> _Required action_
Output the listing below verbatim, but drop the images.

> _Data excerpt_
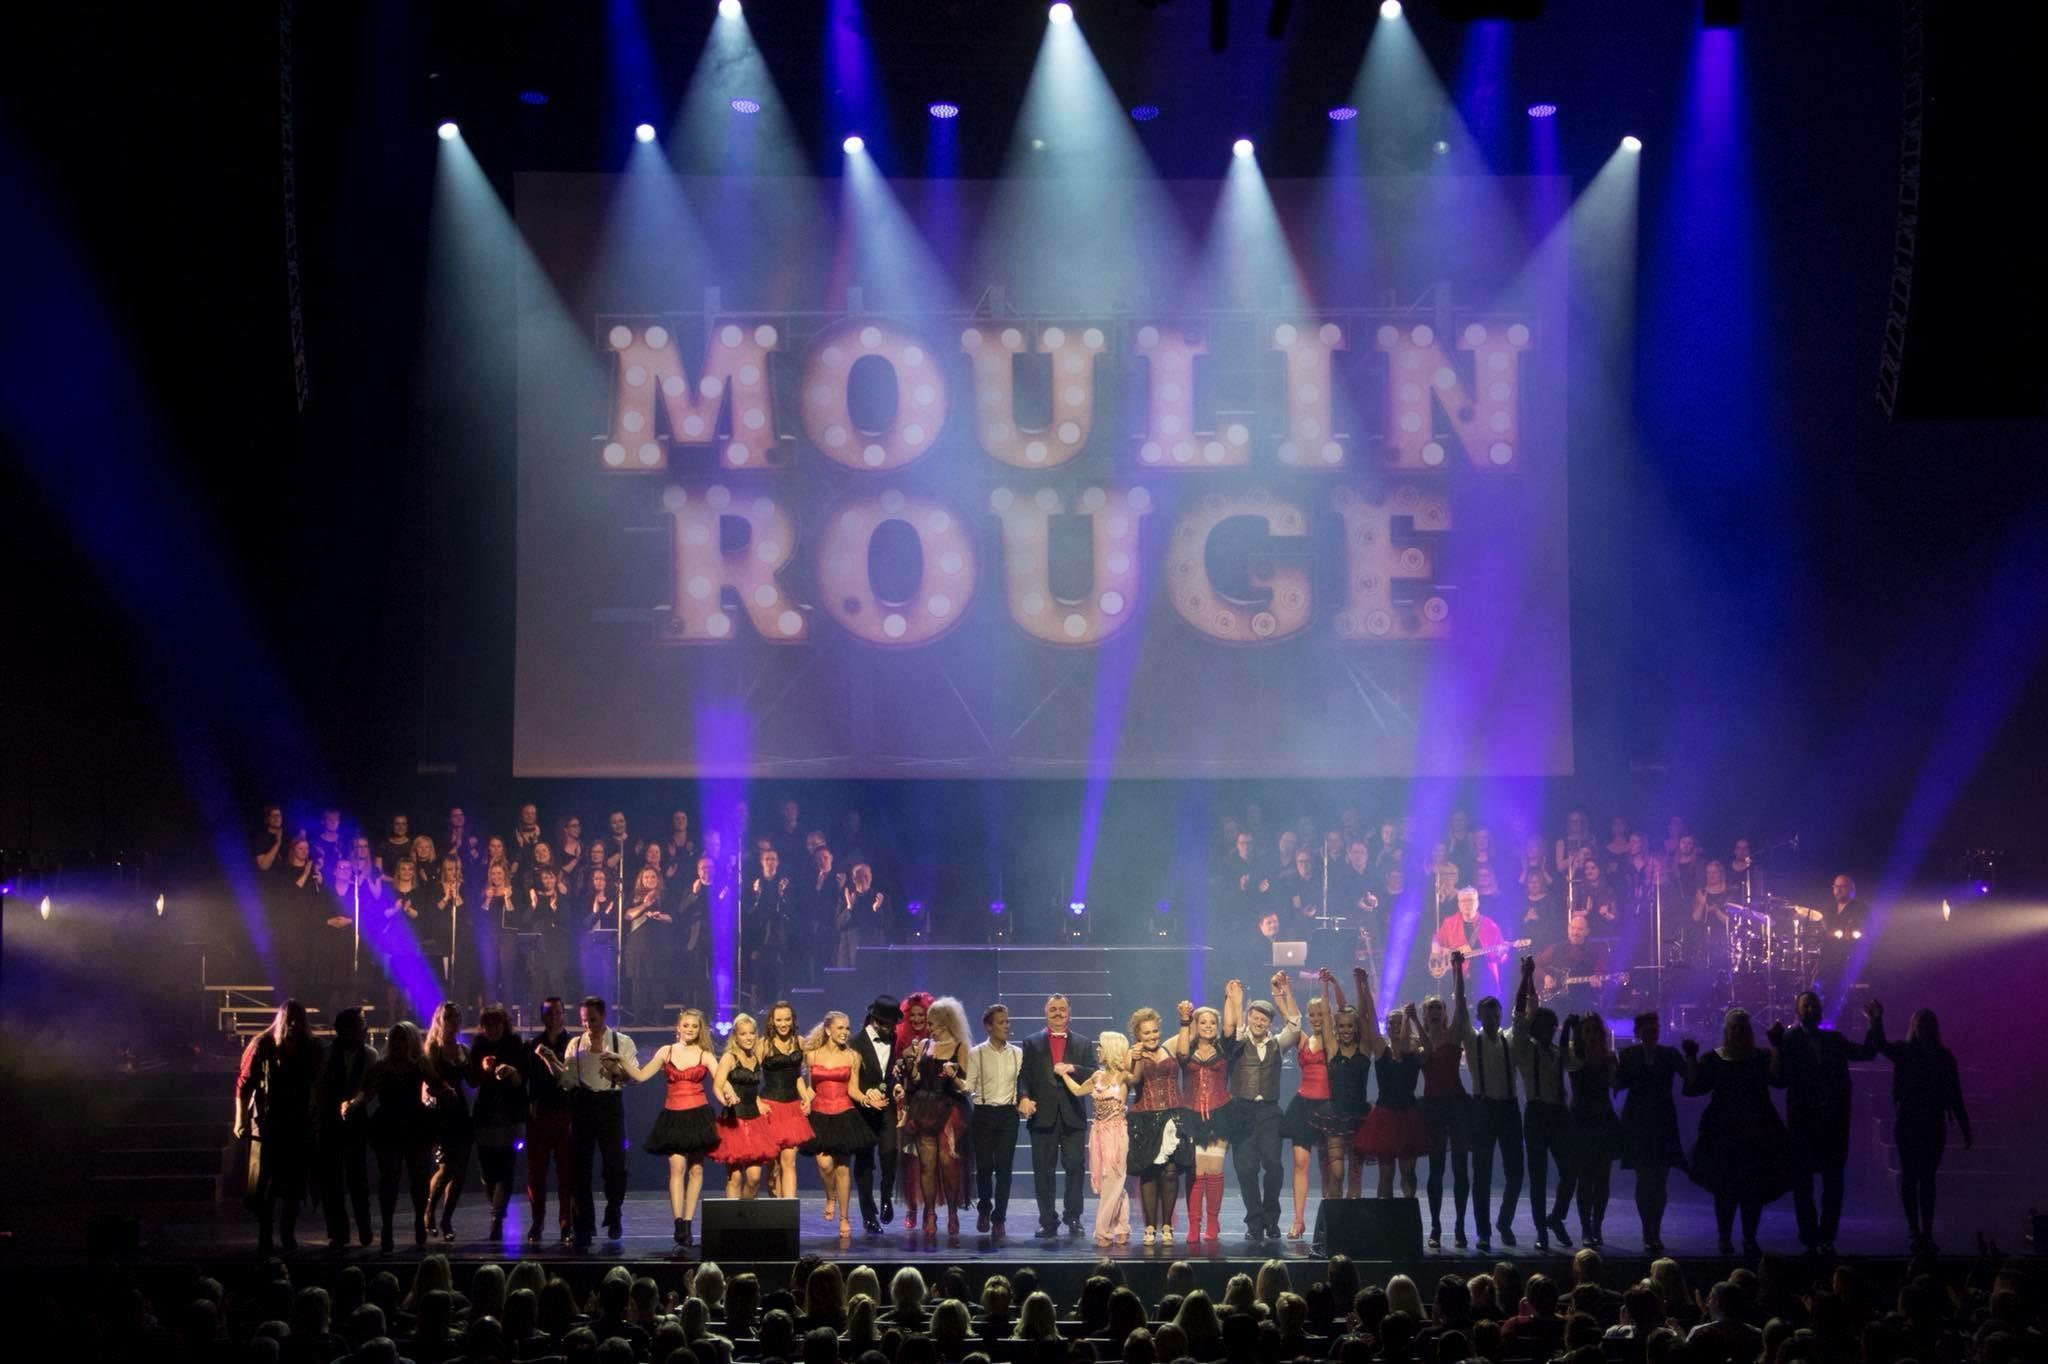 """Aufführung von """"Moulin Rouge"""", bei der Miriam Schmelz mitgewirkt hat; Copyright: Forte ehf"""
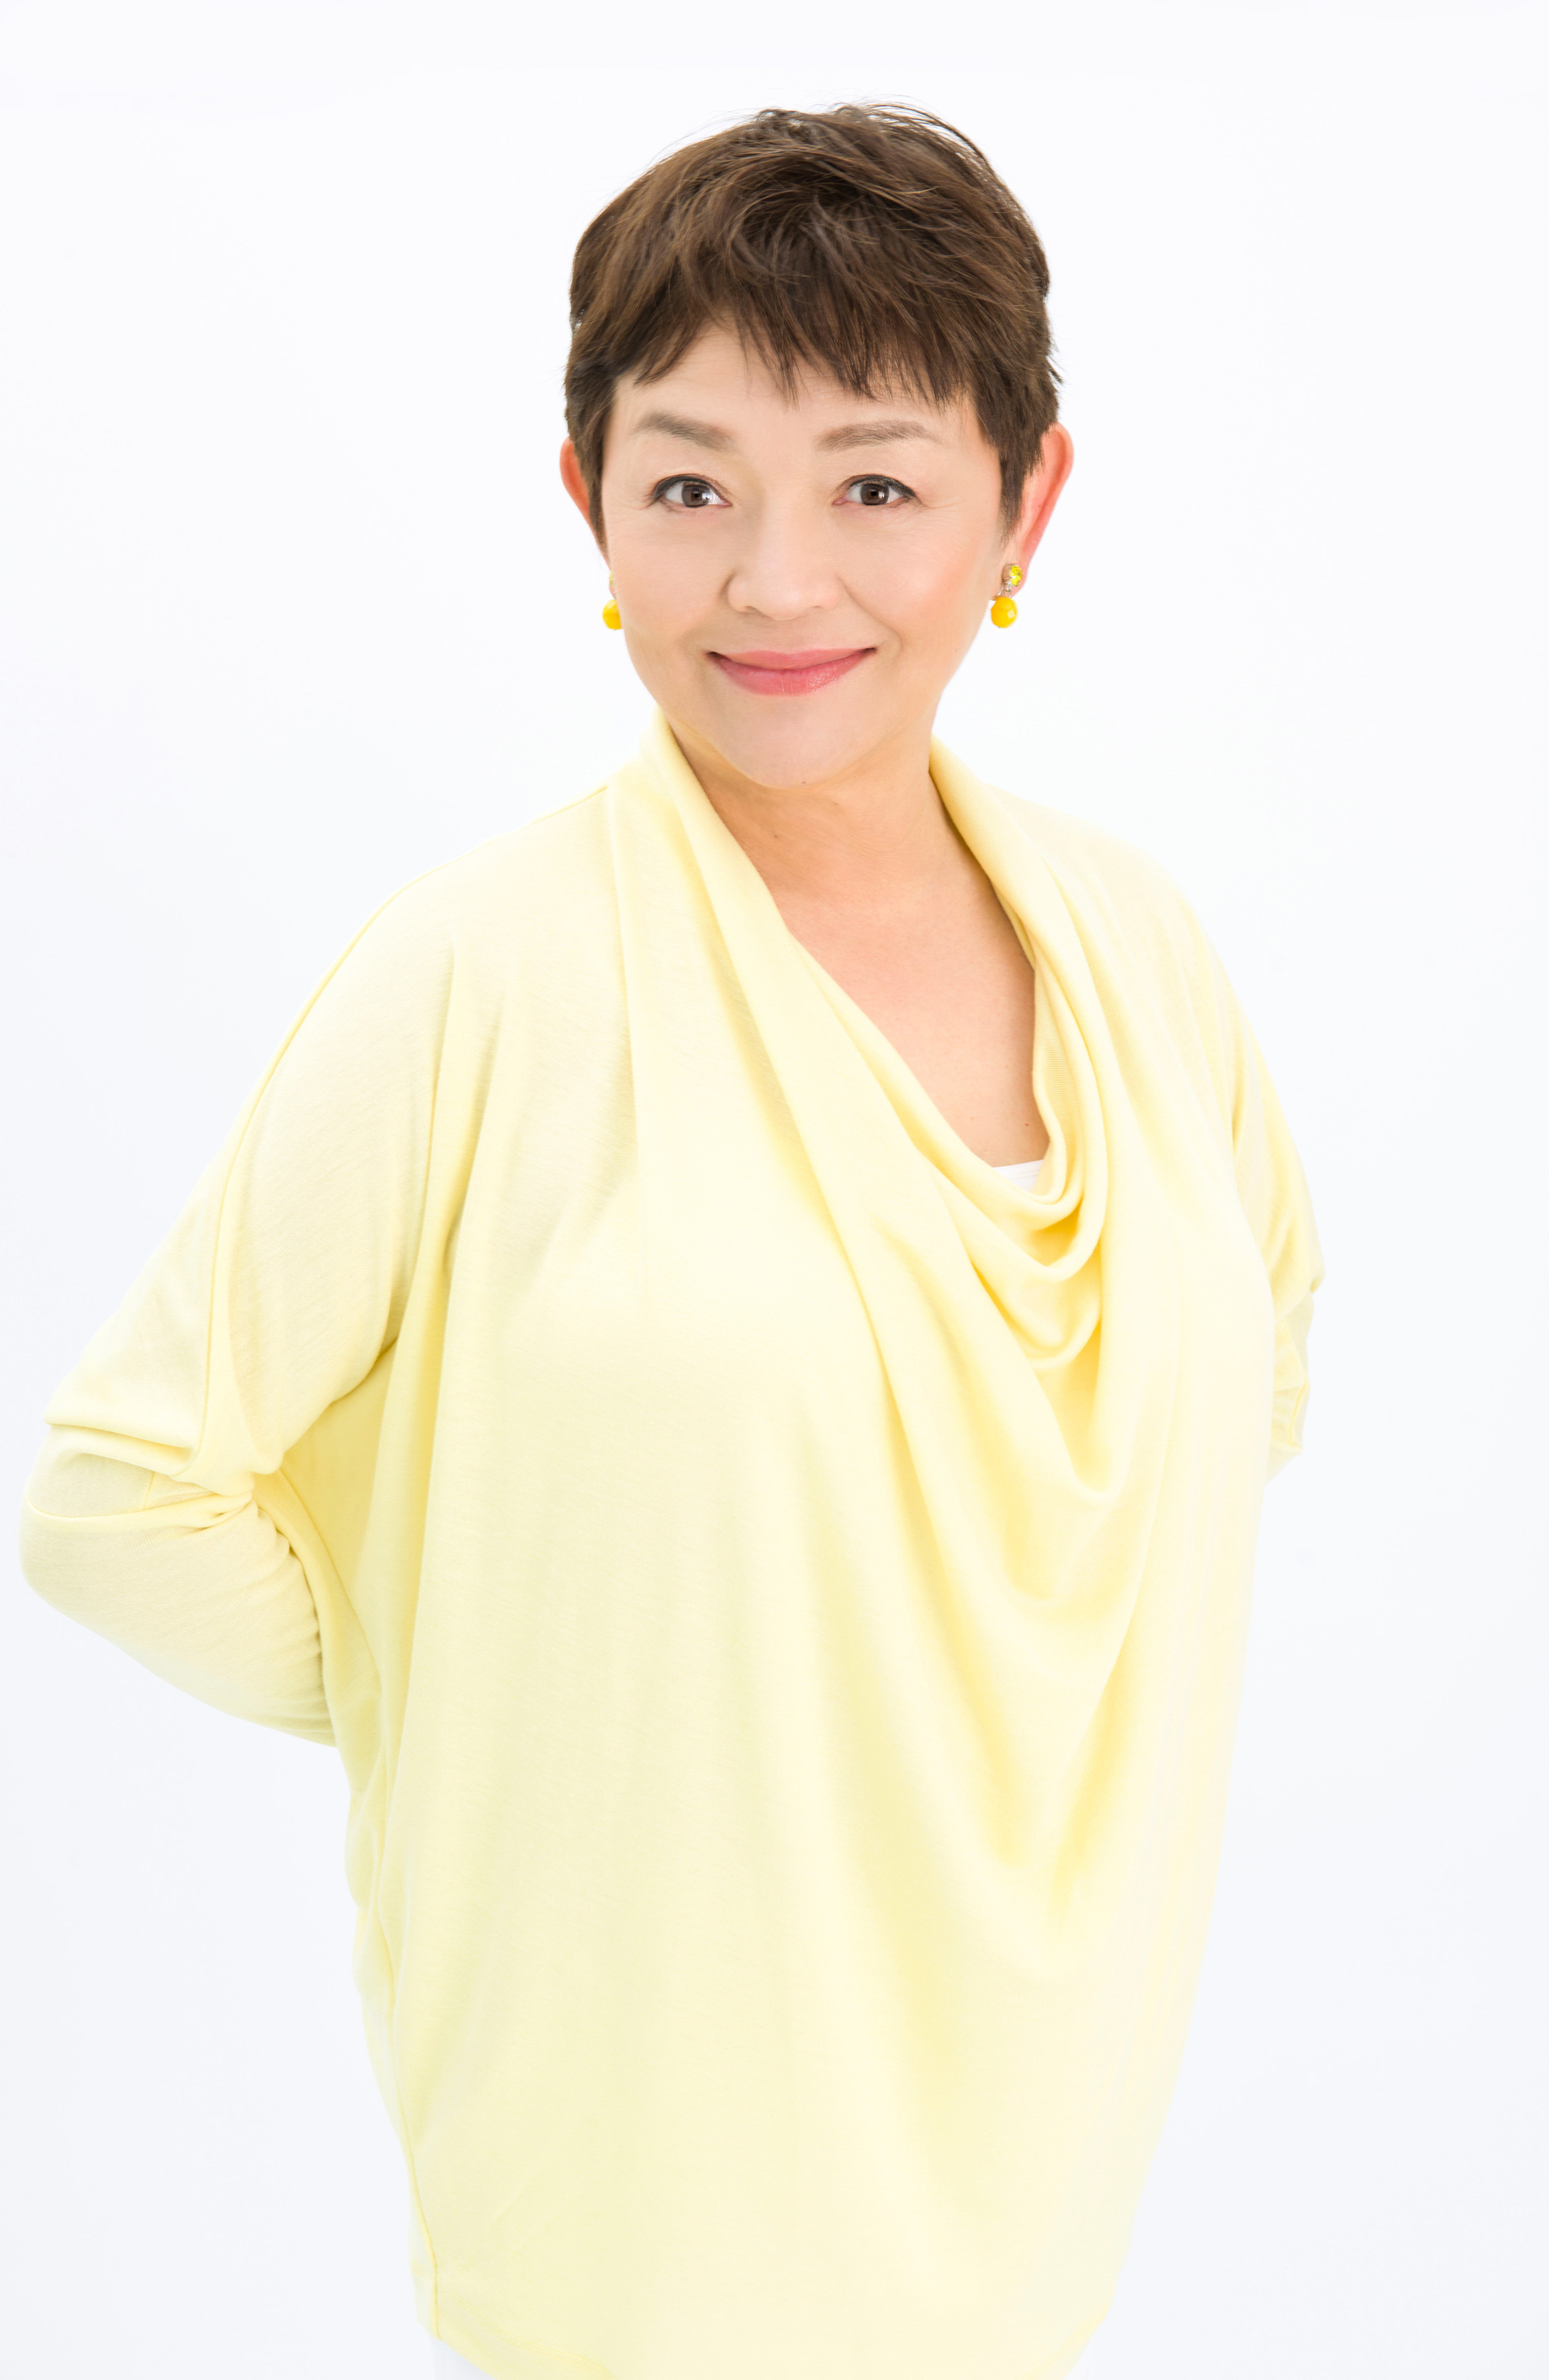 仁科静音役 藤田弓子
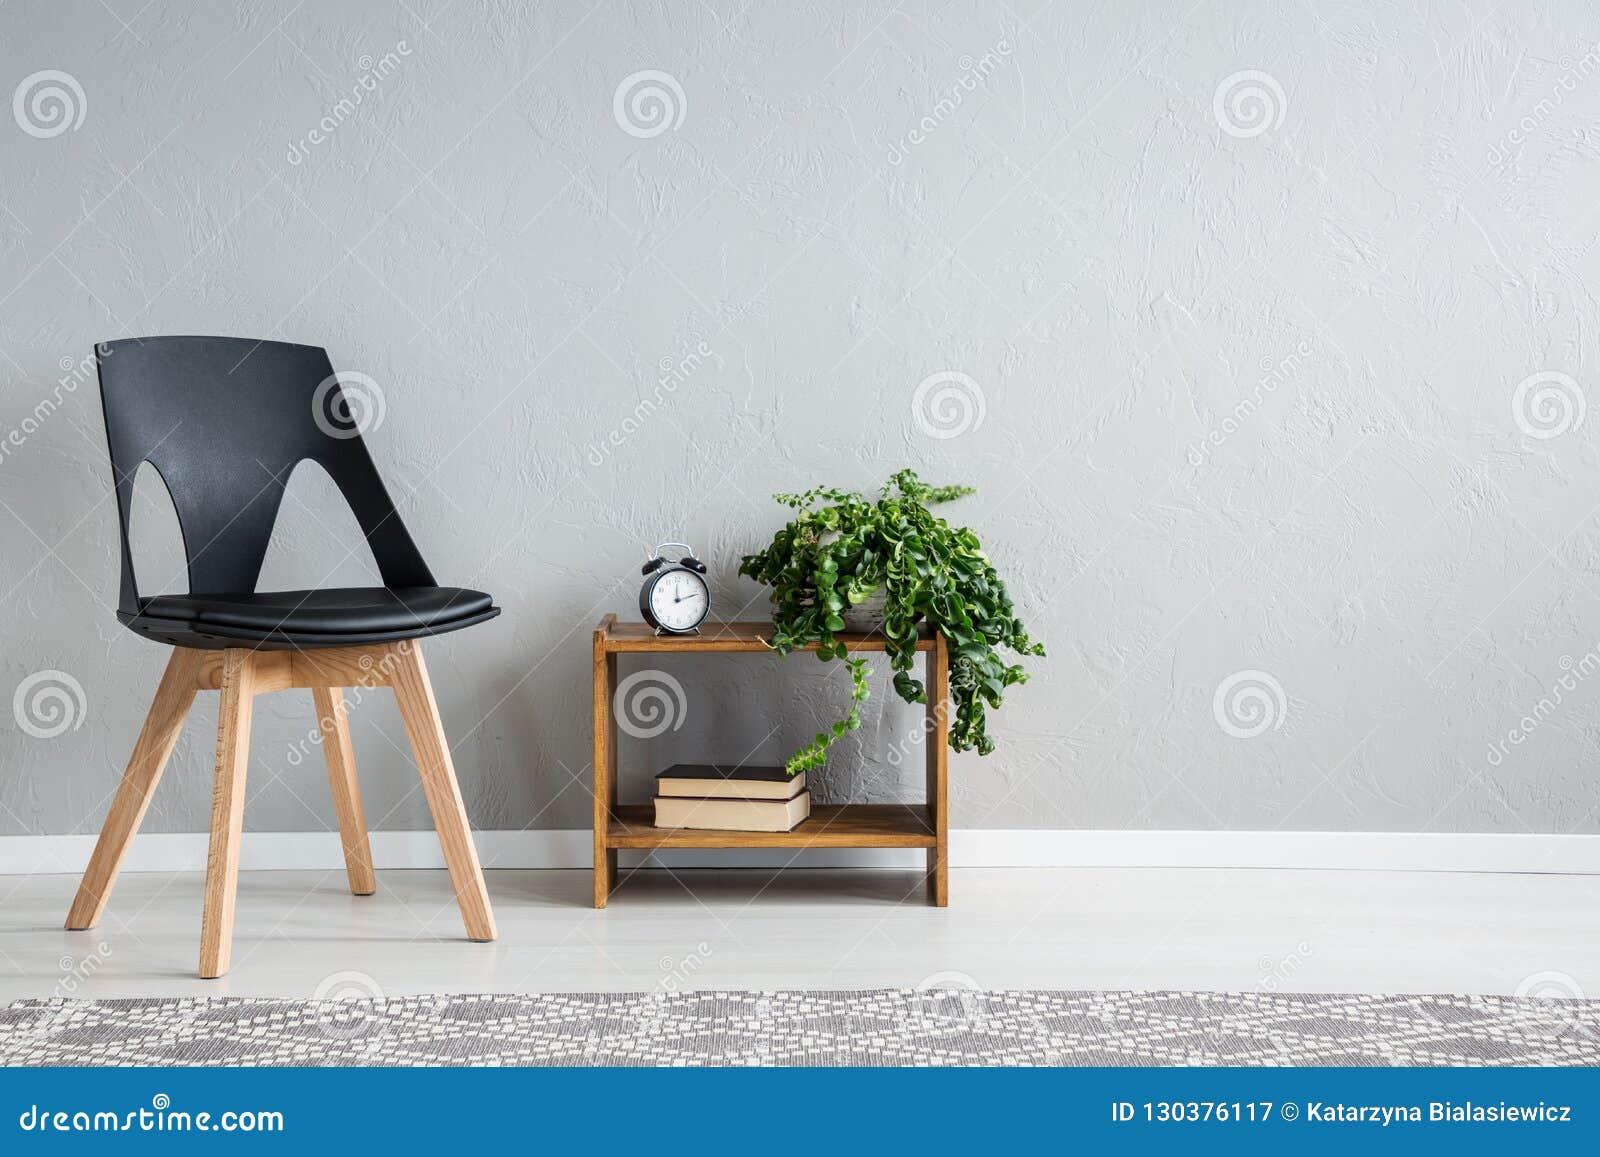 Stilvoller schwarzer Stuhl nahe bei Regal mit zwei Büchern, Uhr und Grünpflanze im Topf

> _Answer box_
 """Aufführung von """"Moulin Rouge"""", bei der Miriam Schmelz mitgewirkt hat; Copyright: Forte ehf"""
 仁科静音役 藤田弓子
 Stilvoller schwarzer Stuhl nahe bei Regal mit zwei Büchern, Uhr und Grünpflanze im Topf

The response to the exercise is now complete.